Una de las complejas preguntas de la vida moderna es si las personas tienen precedencia sobre el ente colectivo o es lo contrario. Esto se debe a que en la era que vivimos el individuo adquirió autonomía y se ha vuelto un ciudadano votante y consumidor soberano.

Y esto nos lleva a la necesidad de rescatar la importancia de replantear la situación porque un simplismo obtuso responsabiliza a la sociedad de todos los males y concluye con una fácil exculpación al afirmar “que los pueblos tienen los gobiernos que se merecen”.

No creo que esto sea así porque el desinterés en la política tiene origen en los fracasos de los dirigentes en formar opinión, en mantener la coherencia en defensa de los valores que los identifican y en asumir la función pública como un acto de servicio en busca de la prosperidad y de la calidad de vida de la gente.

En los últimos tiempos el poder se ha transformado en un fin en sí mismo. El corto plazo es la medida del éxito o del fracaso electoral, y en consecuencia, los cambios necesarios e impostergables que insumen dos o tres períodos de gobierno no se concretan porque nadie quiere correr el ries- go de que sean otros los que disfruten de sus resultados.
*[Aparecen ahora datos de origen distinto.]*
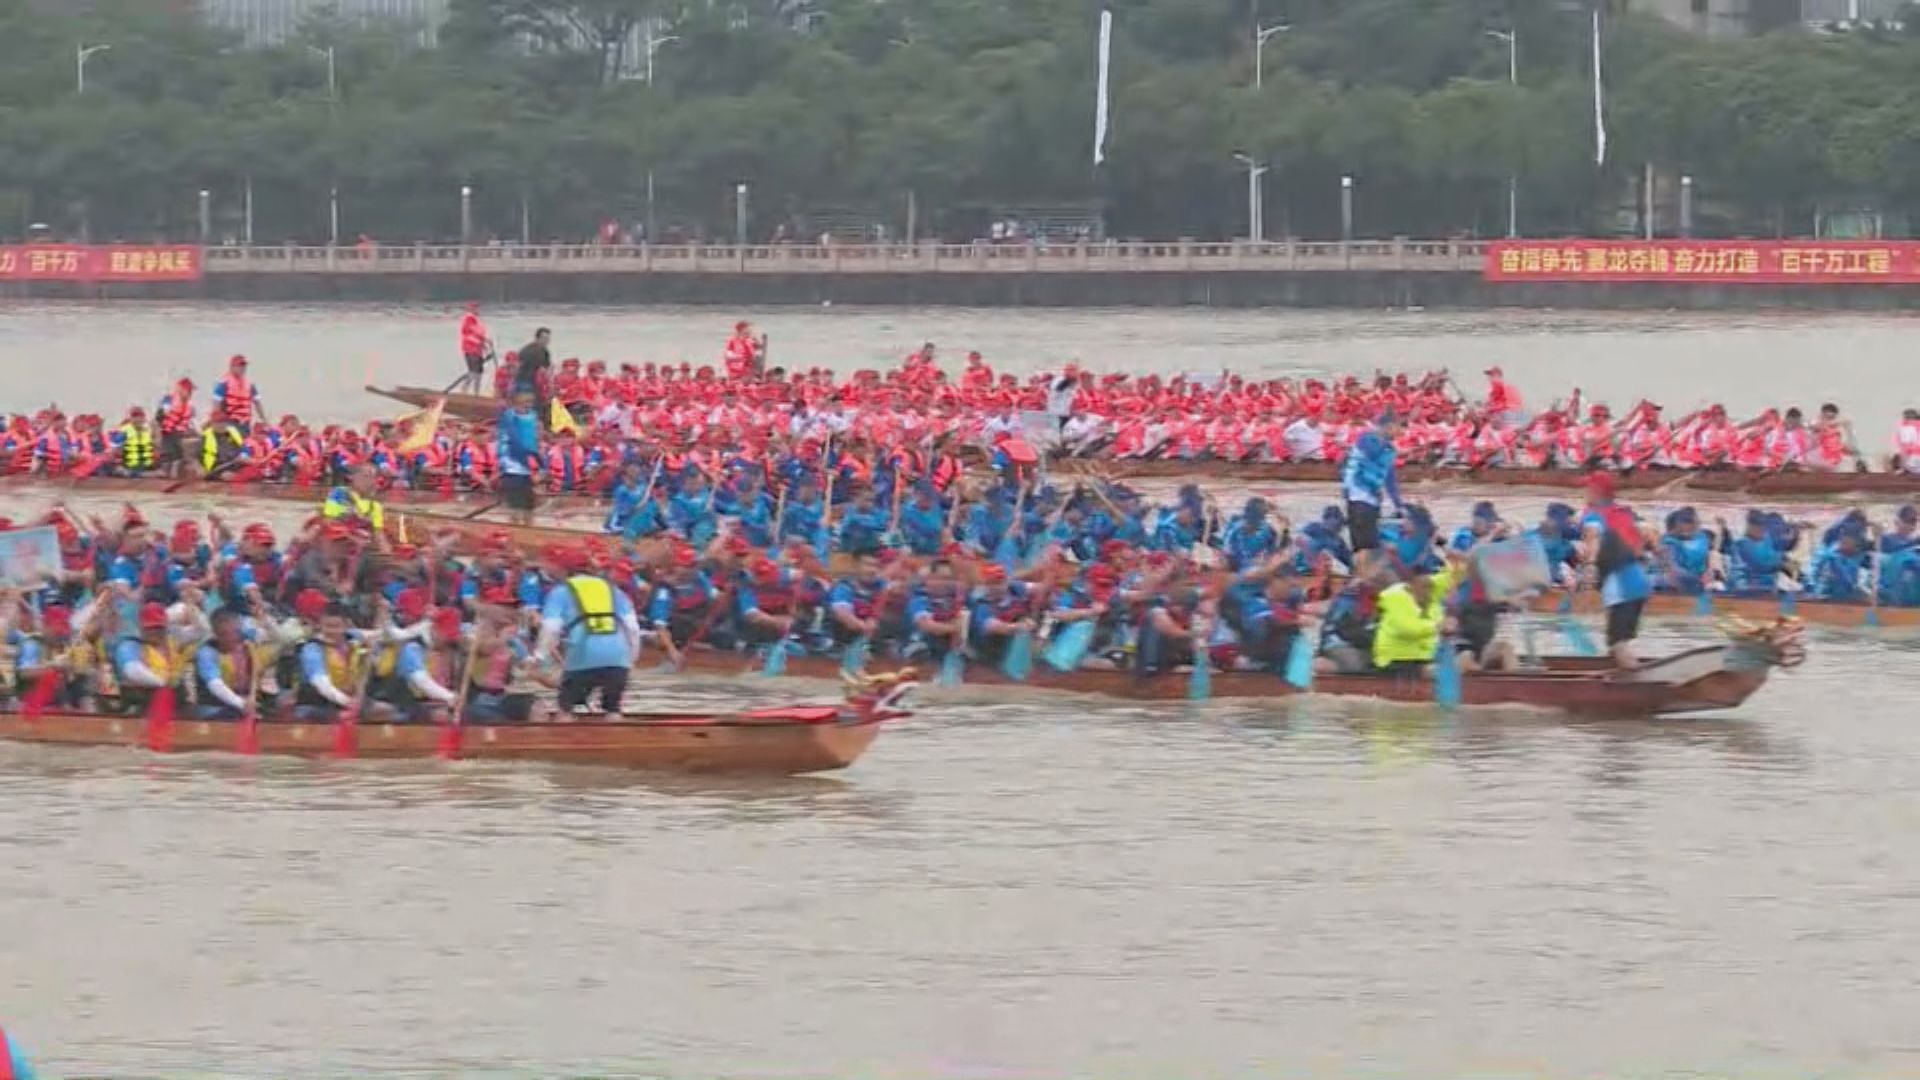 端午節假期 東莞推40多項龍舟活動吸引旅客感受氣氛
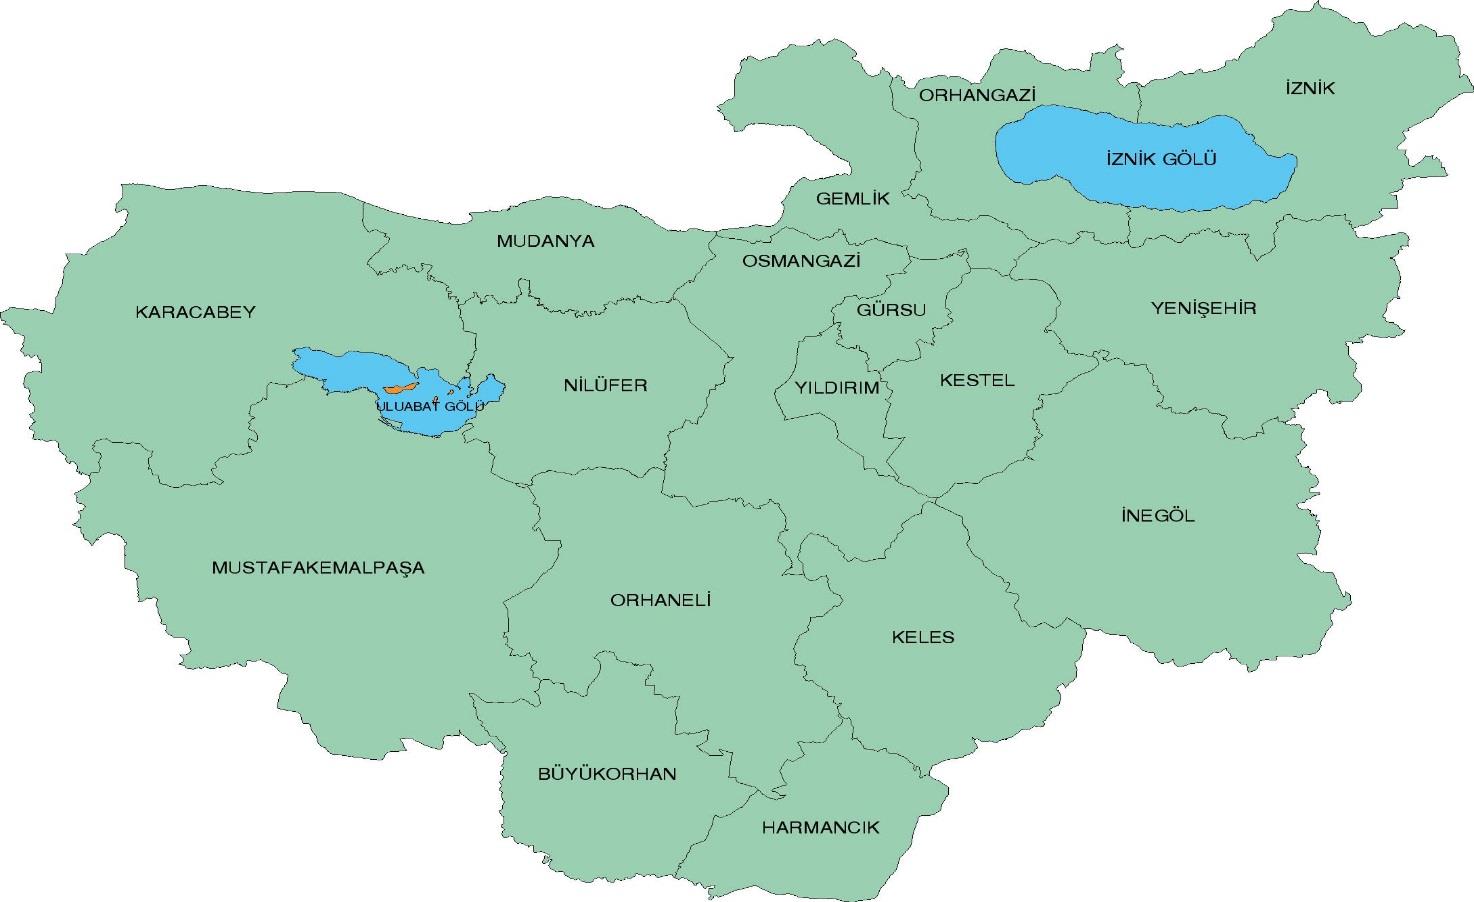 BÖLGESEL TANITIM Genel İçerik Bu kısımda, Bursa şehrinin bölgesel özelikleri hakkında genel bilgilere yer verilmiştir.

Hace años el escritor brasileño Gilberto Amado afirmaba que “alcanzaría orgasmos de alegría si encontrase un compatriota capaz de ligar causa y efecto”. Lo mismo podría decirse en nuestro país, ya que ni siquiera somos capaces de aprender del pasado, sobre todo en el campo económico, donde las crisis mas allá de circunstancias externas, se deben a repetidas causas estructurales como los indecentes déficit fiscales asociados a un gasto público clientelista y desaforado.

El desempleo, hoy cercano a un 8%, se debe al desequilibrio de las cuentas públicas que desalienta el riesgo empresarial con ajustes fiscales, a una ideologizada legislación del trabajo que potencia los conflictos y a la baja capacitación de la mano de obra nacional que no se ajusta a las exigencias de una moderna sociedad del conocimiento.

Pero, aún así, el problema es más grave que lo que la doctrina económica describe con simplicidad. La realidad nos enfrenta a un lamentable nivel de gestión que politiza todo y se aleja de las mínimas exigencias que los jerarcas públicos deben observar para obtener resultados en el mediano y largo plazo.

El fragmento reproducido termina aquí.